But I also think the lines being sold by Dionne and Yglesias are disingenuous. Dionne writes of "[a] single election, a lone health care reform bill (even a big one), this civil rights bill, that labor law reform: all are steps down a road. They are not a destination." What's different from the others here? The conclusion that the "health care reform bill" is in fact a meaningful "step down a road." It is my view that it is a little bit better that the health bill will pass than if it does not pass. But that's it. It is a crappy bill, considering what it could have been. People like Dionne and Yglesias are invested in believing the health bill is more than it is. It strikes me as a pretty small step, with a lot of sideways to it.
Dionne wrote:
But as King knew, demanding that the check be honored is only a first step. And democratic politics is an ongoing commitment. A single election campaign, however exhilarating, is just the beginning of engagement. Moreover, embedded critics—their ranks include, but are not limited to, academics and intellectuals—have a necessarily ambiguous relationship to power.
Here, the differences between Lincoln, the politician, and King, the prophetic activist and critic, are clear. The politician focuses on the work that can get done and is called upon to have a realist’s sense of the limits of the possible. The critic is dogged in pointing to the work that remains unfinished, the reforms that are not adequate, the crooked places that have not yet been made smooth. “No, no,” King declared, “we are not satisfied, and we will not be satisfied until ‘justice rolls down like waters, and righteousness like a mighty stream.’” That is, to say the least, a standard that politicians cannot live by. But it is the standard to which they must be called.

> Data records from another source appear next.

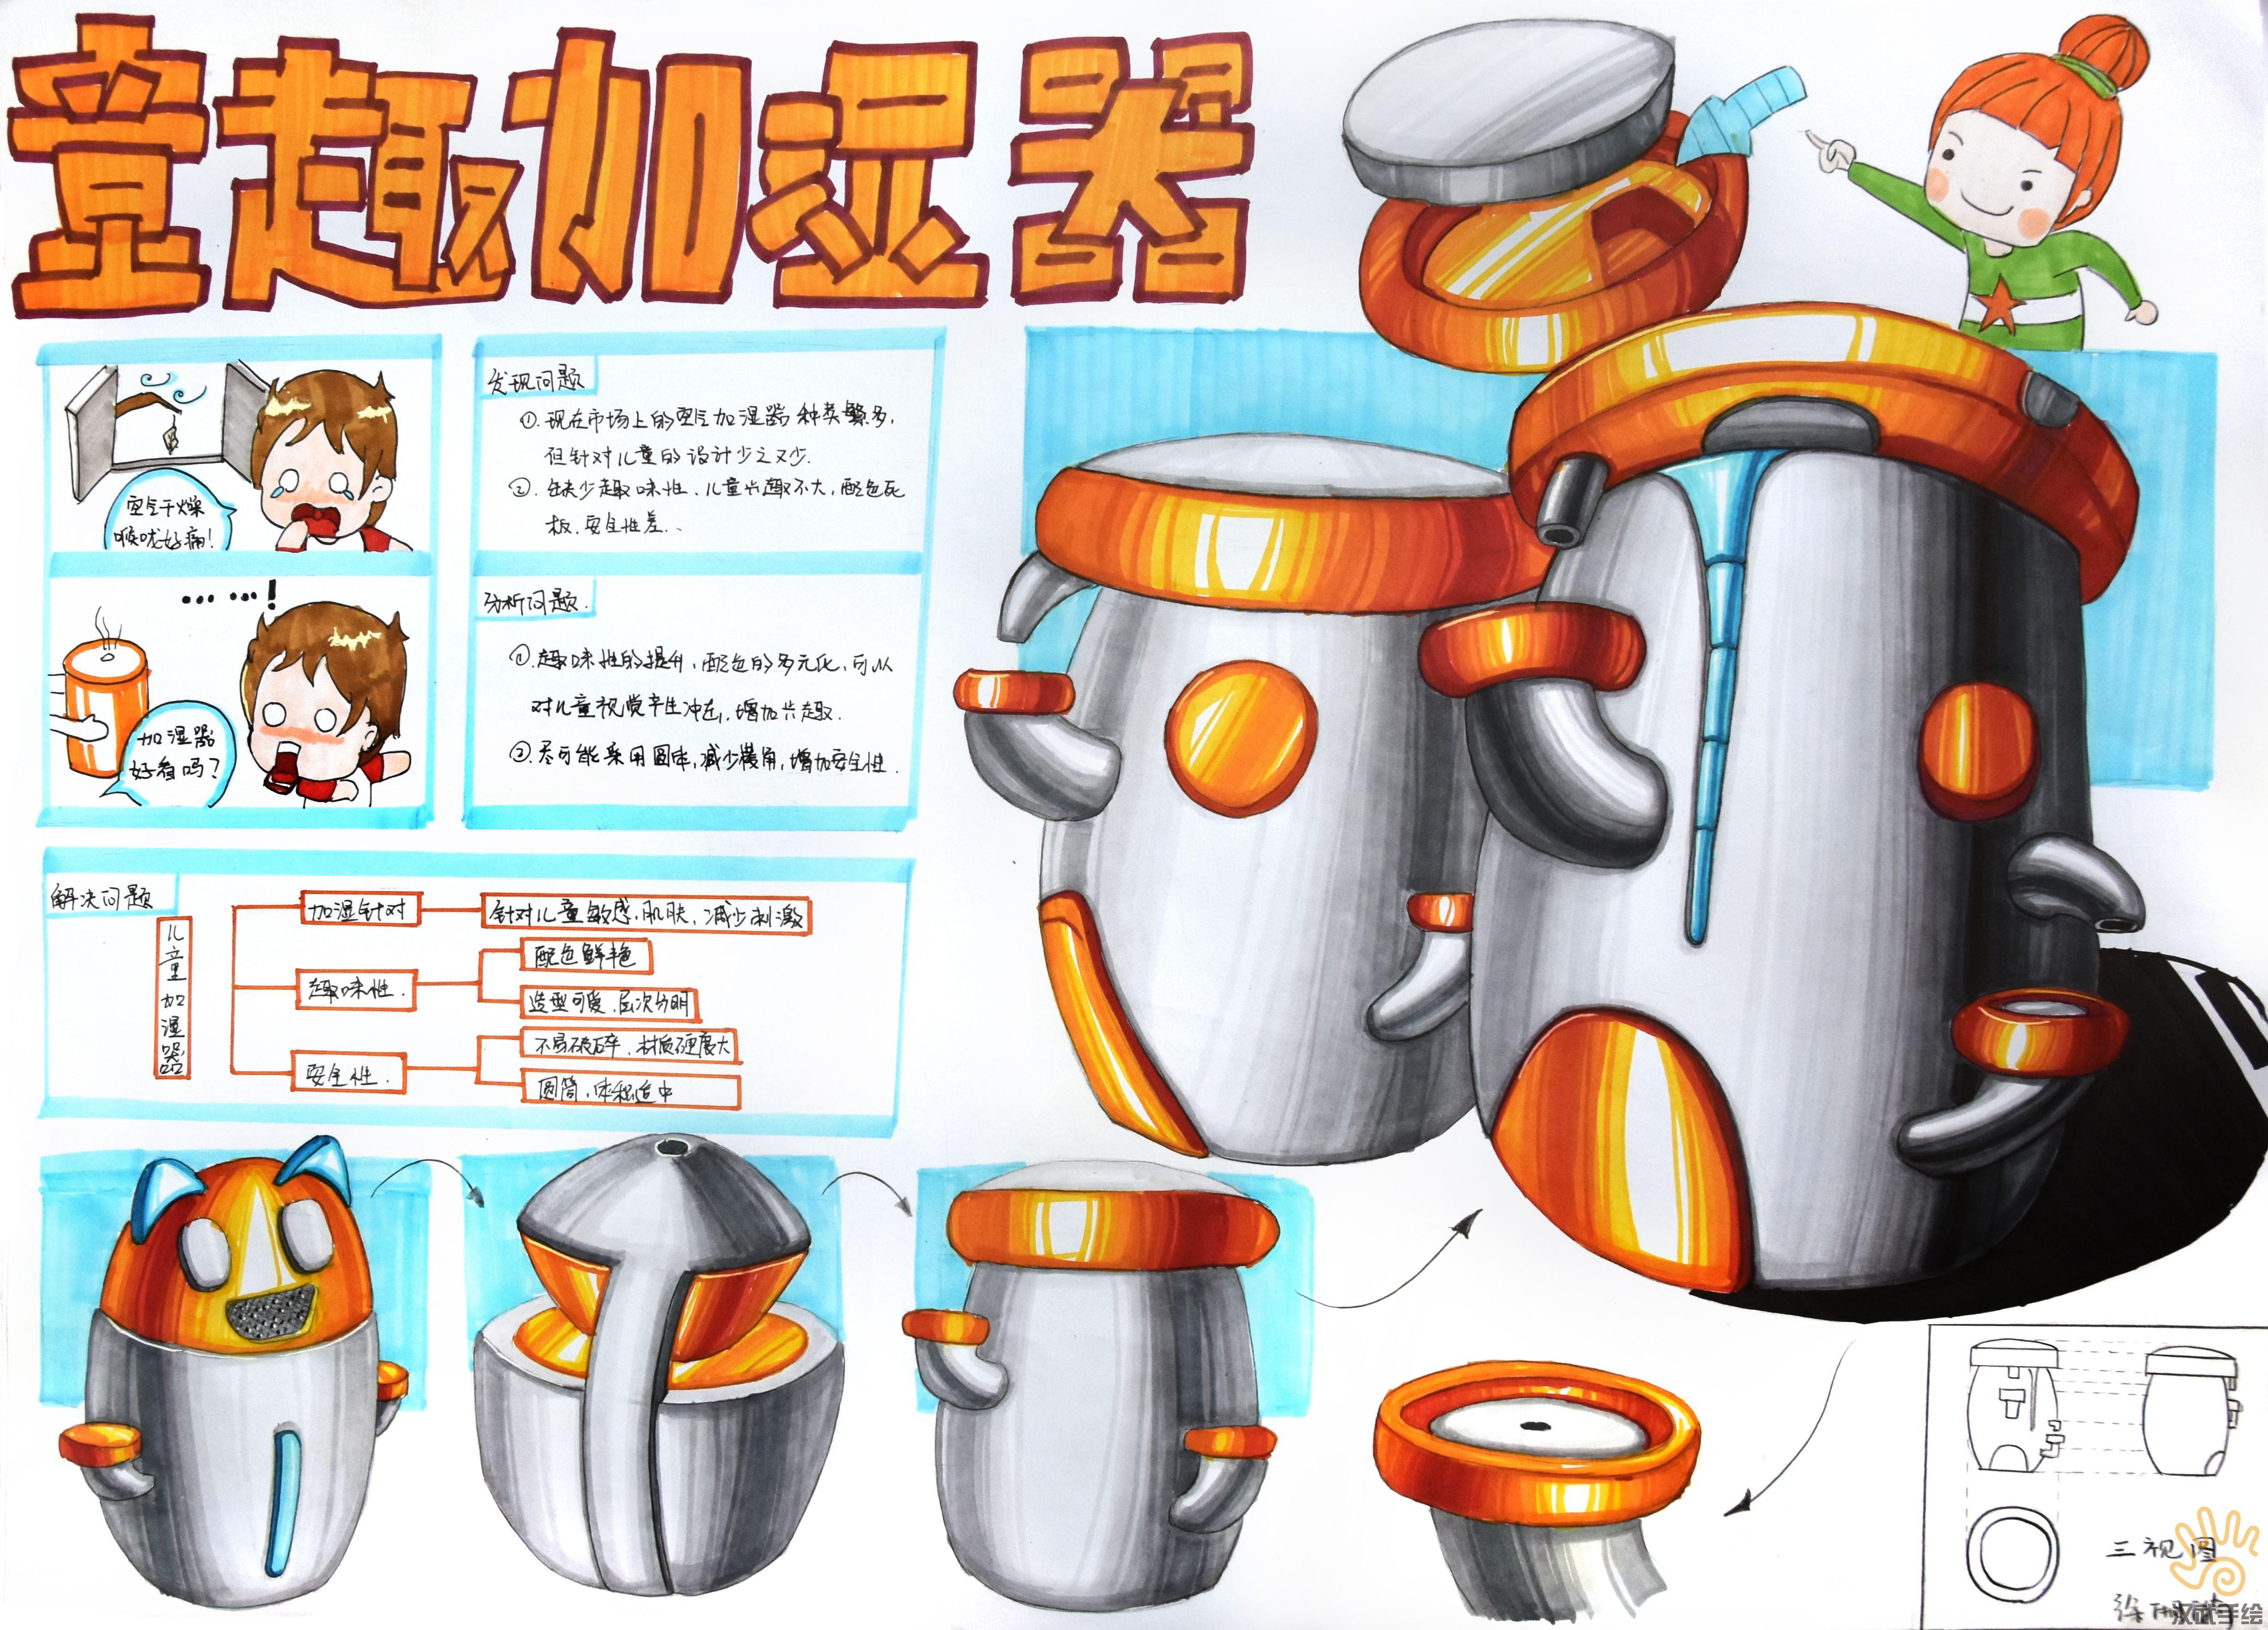 工业设计产品设计手绘作品意趣加湿器手绘考研快题 工业设计产品设计
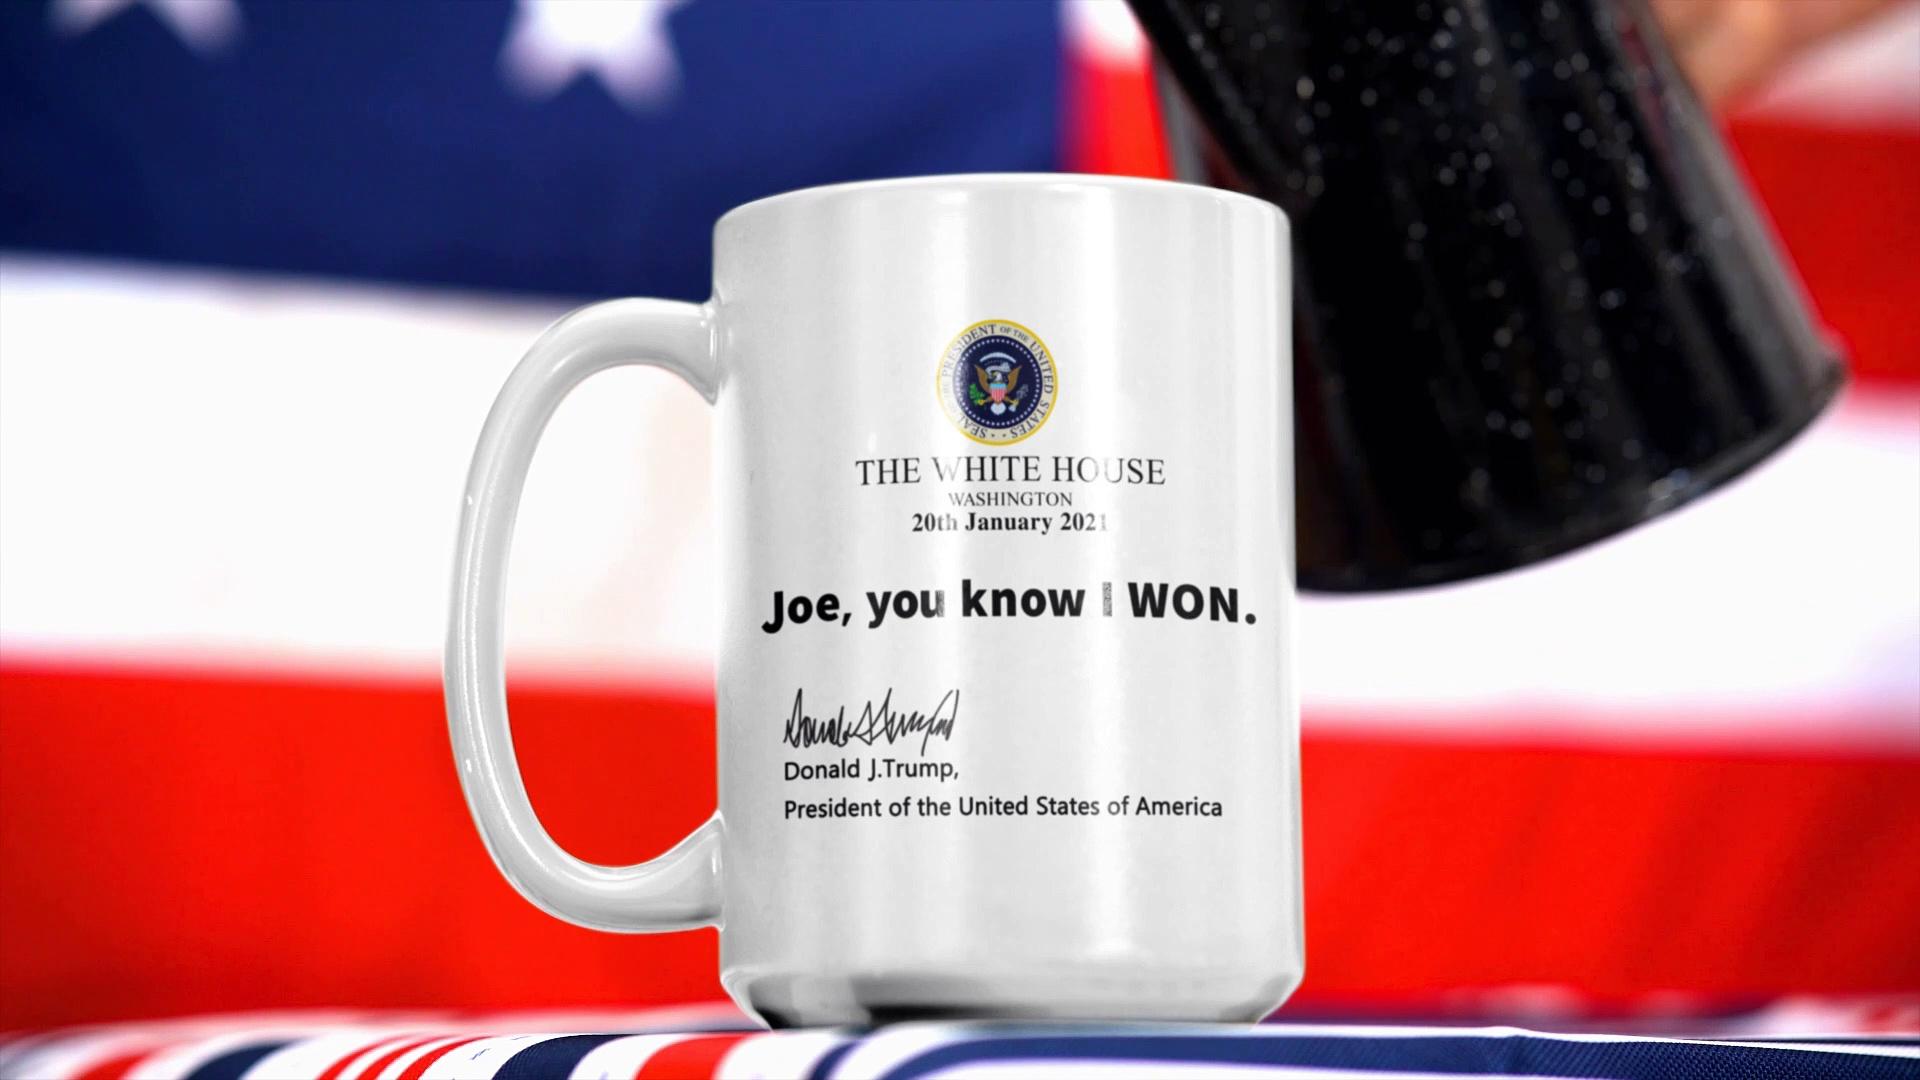 Trump The White House Joe You Know I Won Coffee Mug
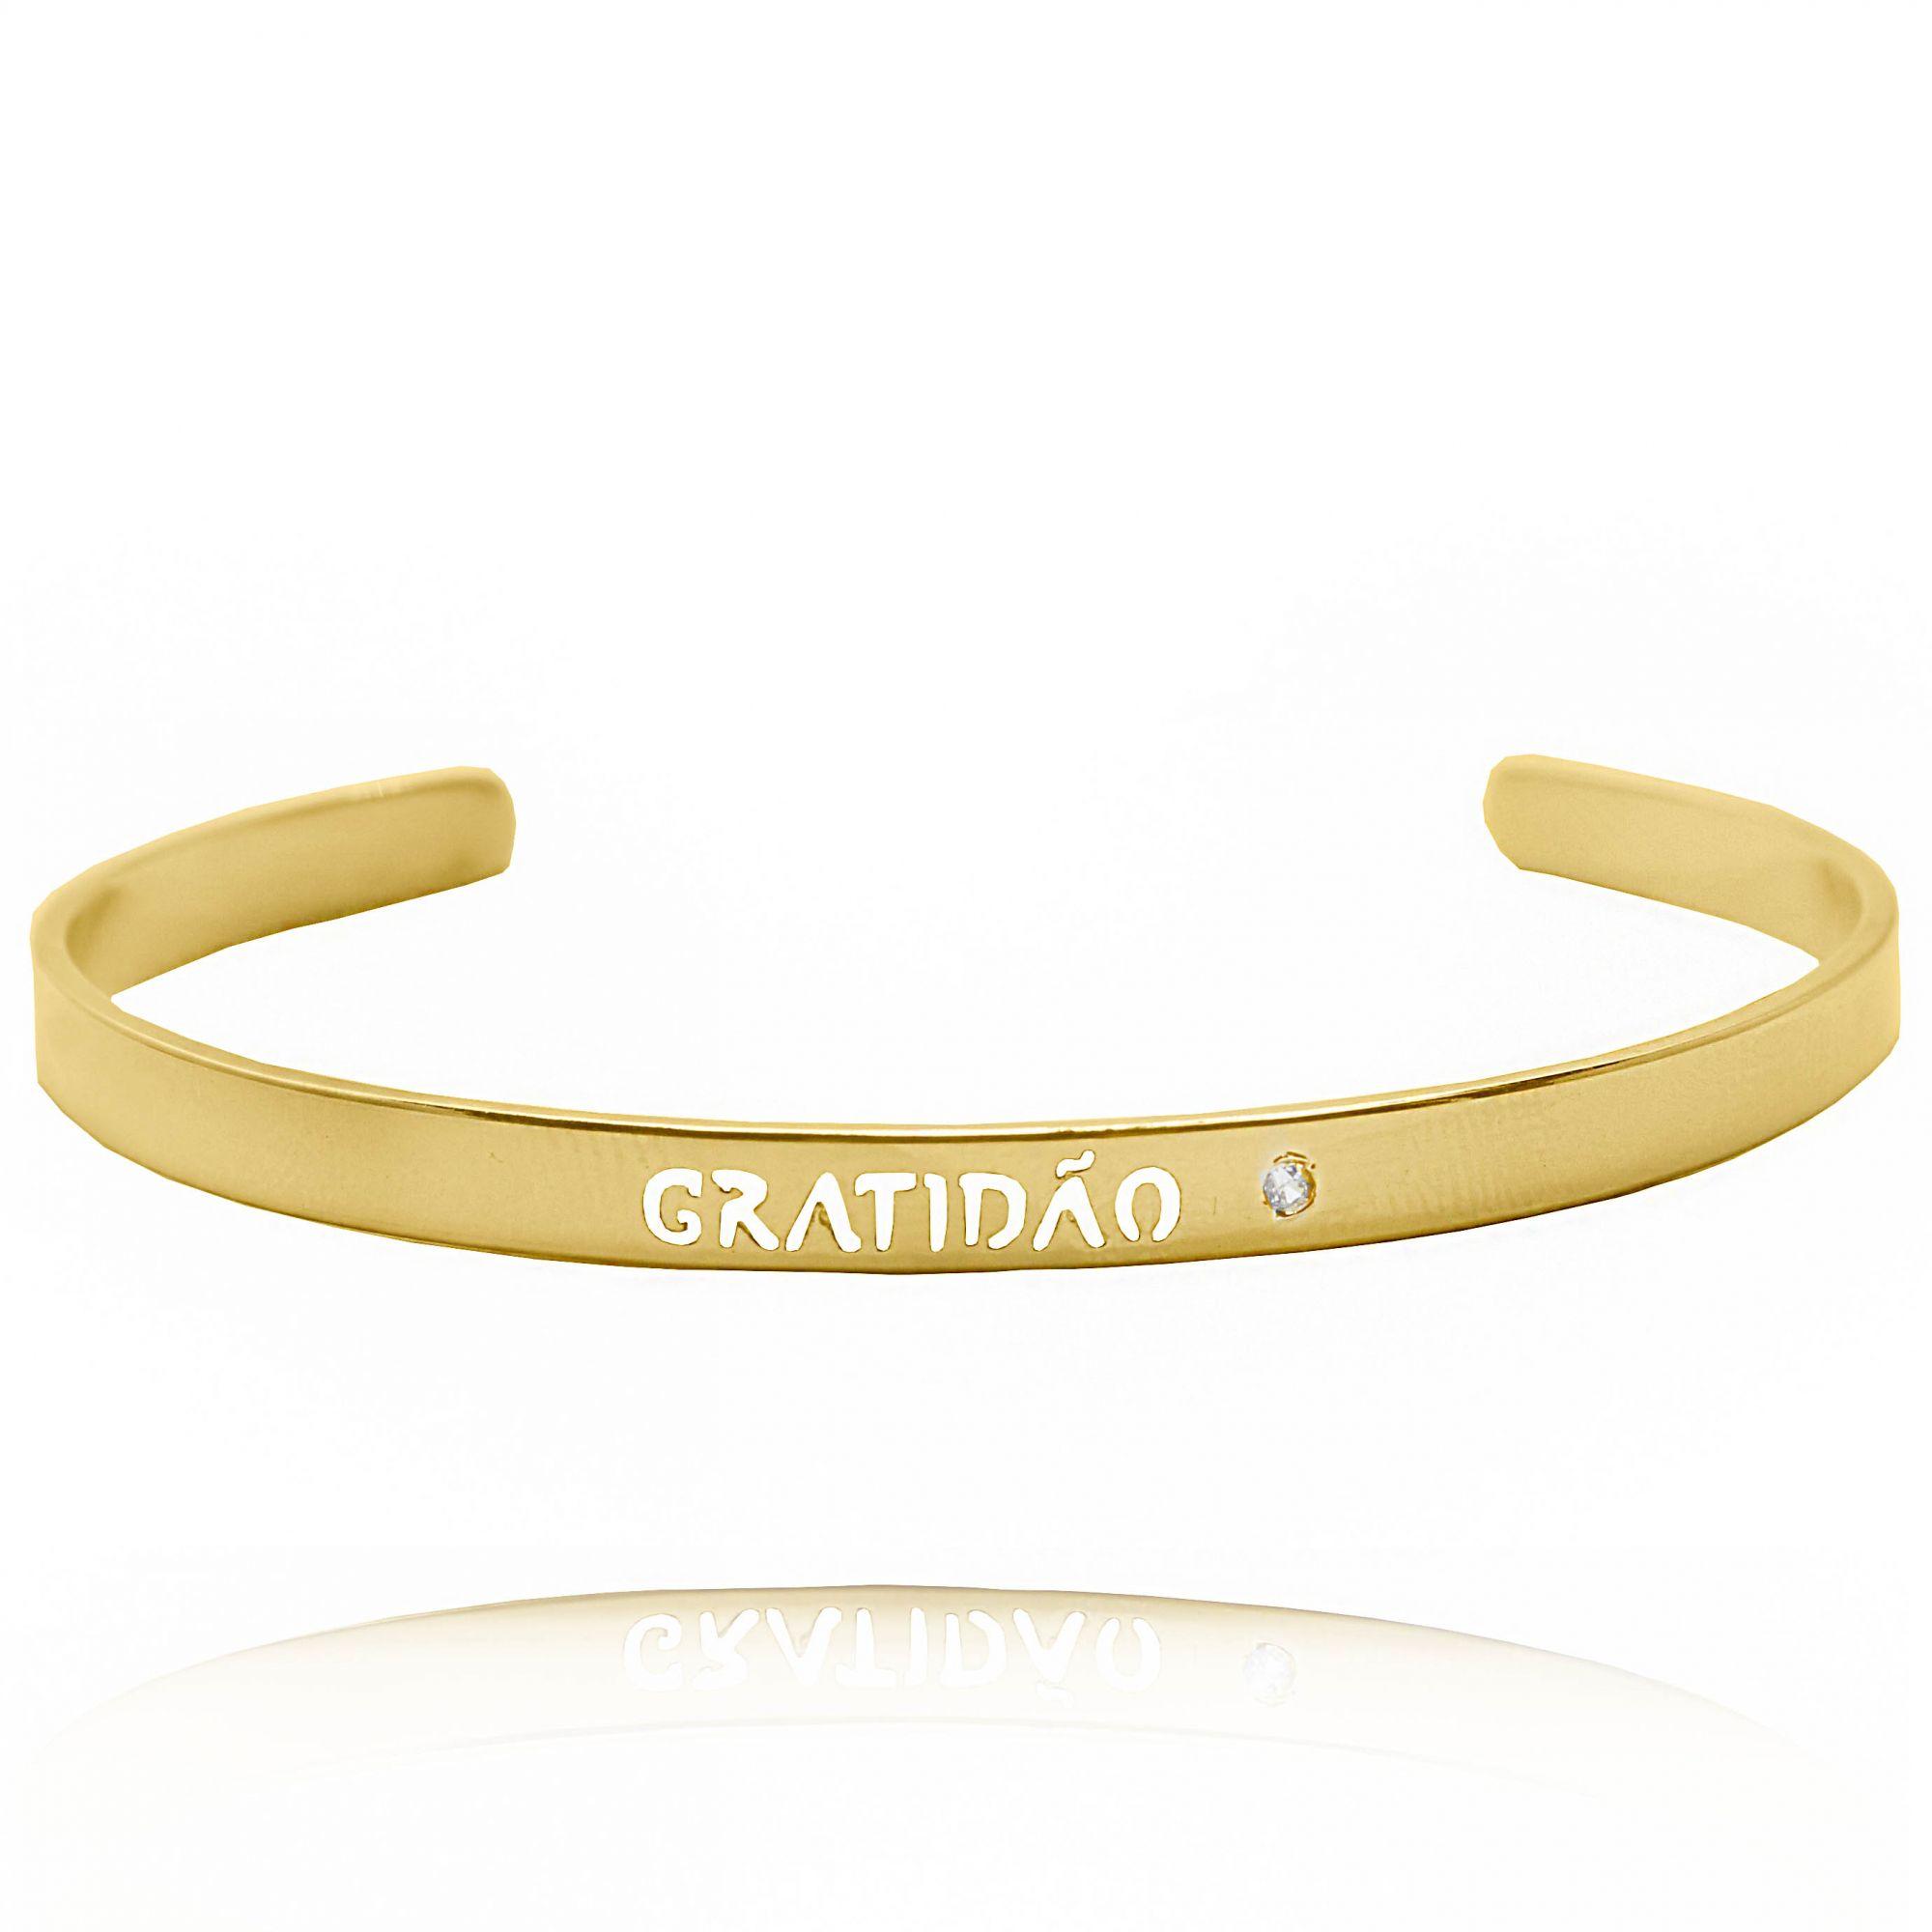 Bracelete Gratidão Folheado a Ouro 18k

[. . .] [S]ome critics will hold out and say they are not satisfied. They will call power to account even when those in power have some sympathy for their goals. They will lay out the requirements for a future better than the present even during times of progress—perhaps especially during times of progress. [. . .] What is not an option in democratic politics is self-marginalization. Gestures are not enough. Flag burning does not cleanse a nation. The English department is not the White House. “Politics,” Weber wrote, “is a strong and slow boring of hard boards. It takes both passion and perspective.” This, at least, is something that most progressive intellectuals learned in the years between 2001 and 2009.
What also should not be an option is mindless cheerleading for poor political and policy performances. And that is what Democrats delivered on the health bill. E.J. Dionne is incapable of providing that critique. He is too much of The Village. The criticisms of the health bill and the Democrats' work, both political and policy-wise, goes beyond the aspirational. It is a pragmatic critique. The President, his Chief of Staff, the Senate leadership and indeed, Village Democrats, did a very poor job on the health bill.
They did not do "what was possible." they never even challenged the possible. Hell, the did what was politically harmful and piss poor on policy. This critique is not a starry eyed idealist one. It is a pragmatic one, using the measure of history to judge the political actors of the present. Today's Democratic politicians came up short. History will judge them harshly. As it will the Village chroniclers.